When I reached that point in Caregiving when I felt the most drained and burned out, there really weren’t words to describe it. Some of you know it though. I got stuck for quite a while – completely focused on everyone else, but not in a good way. I lost myself, my motivation and my happiness. Here’s the cold, hard truth: Caregivers are much better at what they do when they step away for a while. It doesn’t have to be a long time, but long enough to focus inward for just a little while. If the thought of being involved in an activity that doesn’t involve someone else’s bodily functions or medical needs or even their whims feels almost foreign, then you’re way overdue for a break.

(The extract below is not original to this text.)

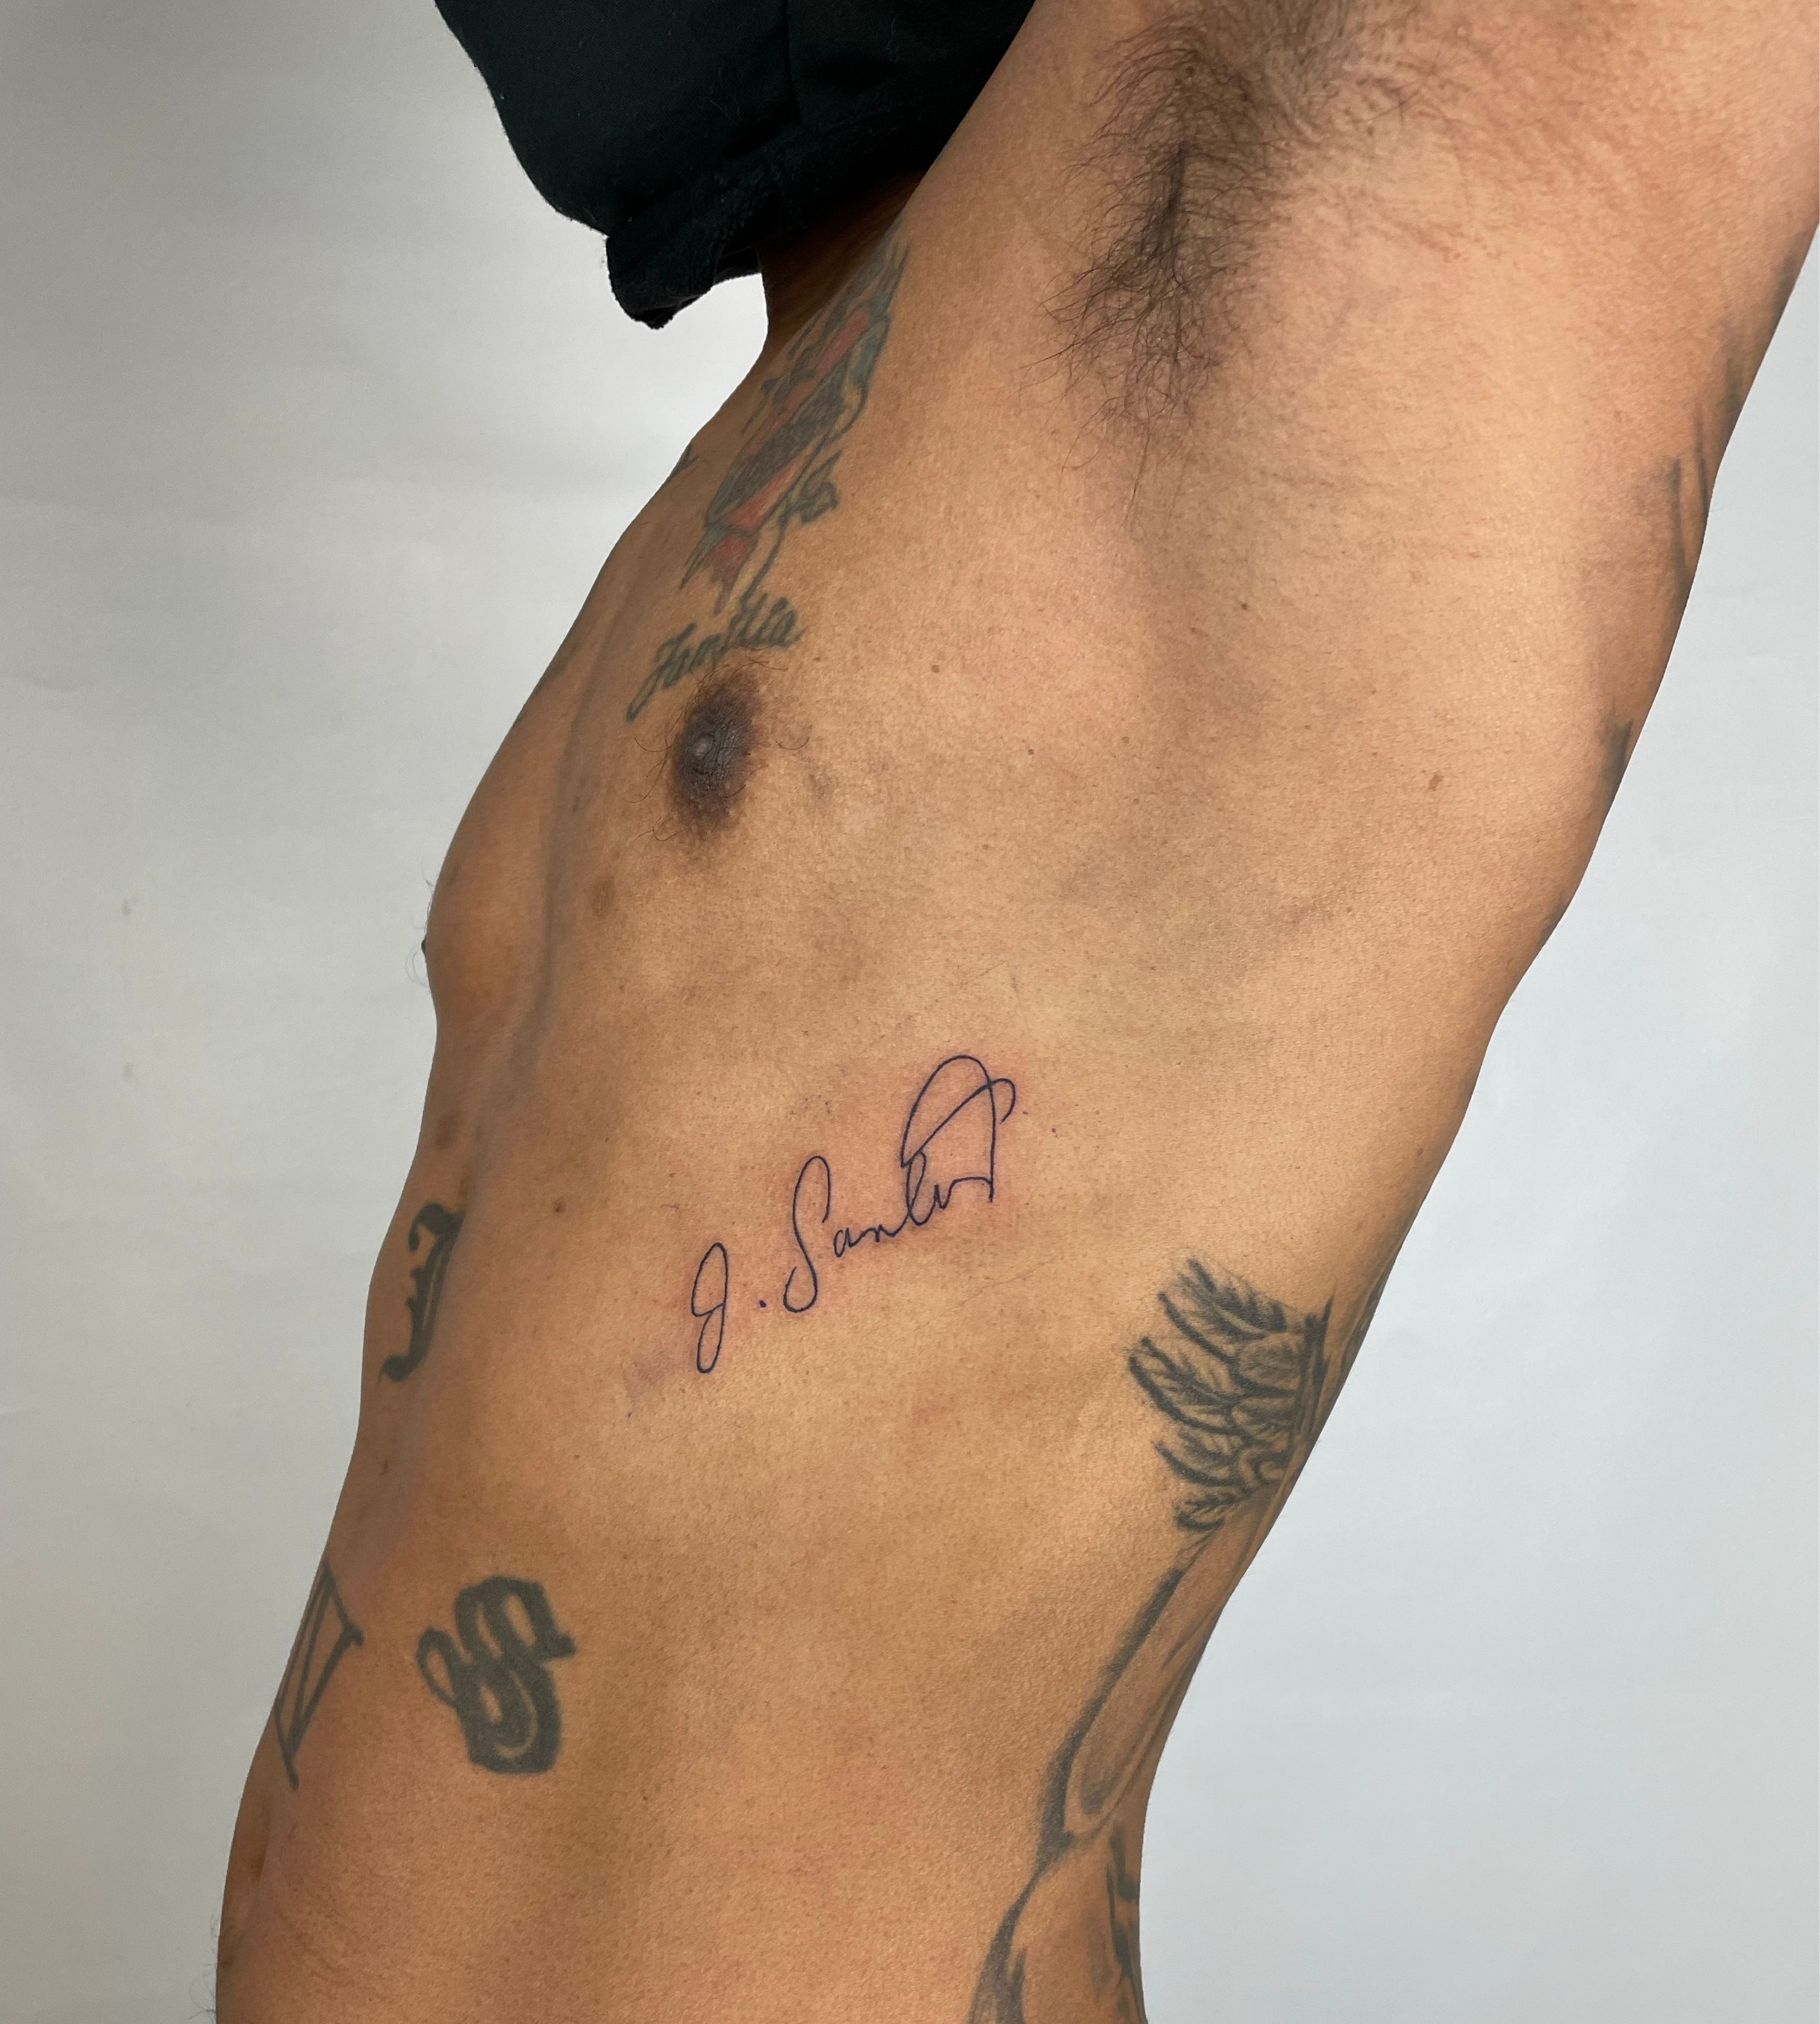 Written in the Stars | Signature Tattoo Ideas | POPSUGAR Beauty Photo 2 |  Small tattoos, Signature tattoos, Tattoo designs and meanings

Eventually I started pulling out of my funk and made a list of random things that I wished I knew how do to. As I went through the list, I realized that some of those things might not be too hard to either figure out or get some instruction in. I highly recommend the whole “getting instruction” thing. Even if you don’t really need it to learn a new skill, getting out of the house or finding a reason to socialize is worth bonus points for your brain. The first thing on my list that I was ready to try was knitting. I found a Groupon and took a class. I was only gone for about four evenings – once a week for a month – and only about two hours each time. It was blissful! Not because I was all that great, but because there were conversations with people I didn’t have to take care of, yarn to squish and a challenge that let me block out everything else from my brain for a little while. And as cliche as it sounds, everybody got scarves that next Christmas. Stained glass was on the list too. Did you know you can take classes in stained glass??? Yep! Super fun and you go home with an accomplishment in hand and a happy little chemical hit in your brain. Hot glass was on the list and is definitely one of my favorites. My occasional escapes to “play in the fire” were off the charts amazing! There’s something about lighting a torch and melting glass rods into beads or pendants or blobs of things (because they usually didn’t turn out the way I pictured in my head) that was incredibly satisfying. I took a crochet class. I learned how to use a plasma cutter….and now I want one. Will all of these things be hobbies I do forever? Maybe. Maybe not. Doesn’t matter. I took the time to get away and do a little something for myself. I spread all of these things out over several years and found out I really enjoy trying new things, even if I won’t be good at them. Each time when I came back to my family, I was better. I was a better mom, a better wife, a better Caregiver. Even laundry wasn’t as bad because my brain could be thinking about a new pattern I wanted to try or crazily imagining myself as an artist in my “retirement years”. I think far-fetched daydreams count as a hobby sometimes too…as long as that laundry keeps getting done.
Moral of this very long blog post? Find something fun and creative to do, something that isn’t a crucial life skill but rather a happiness builder. Resurrect an old hobby or dive into a new one. You don’t have to spend a lot of money and you don’t have to abandon your Caregiving post forever, just an hour or so here and there. Take a little time to challenge your skills (and your patience), put your hands to work in a creative way and get those happy brain chemicals flowing. You will be a better Caregiver for it…and a happier human being.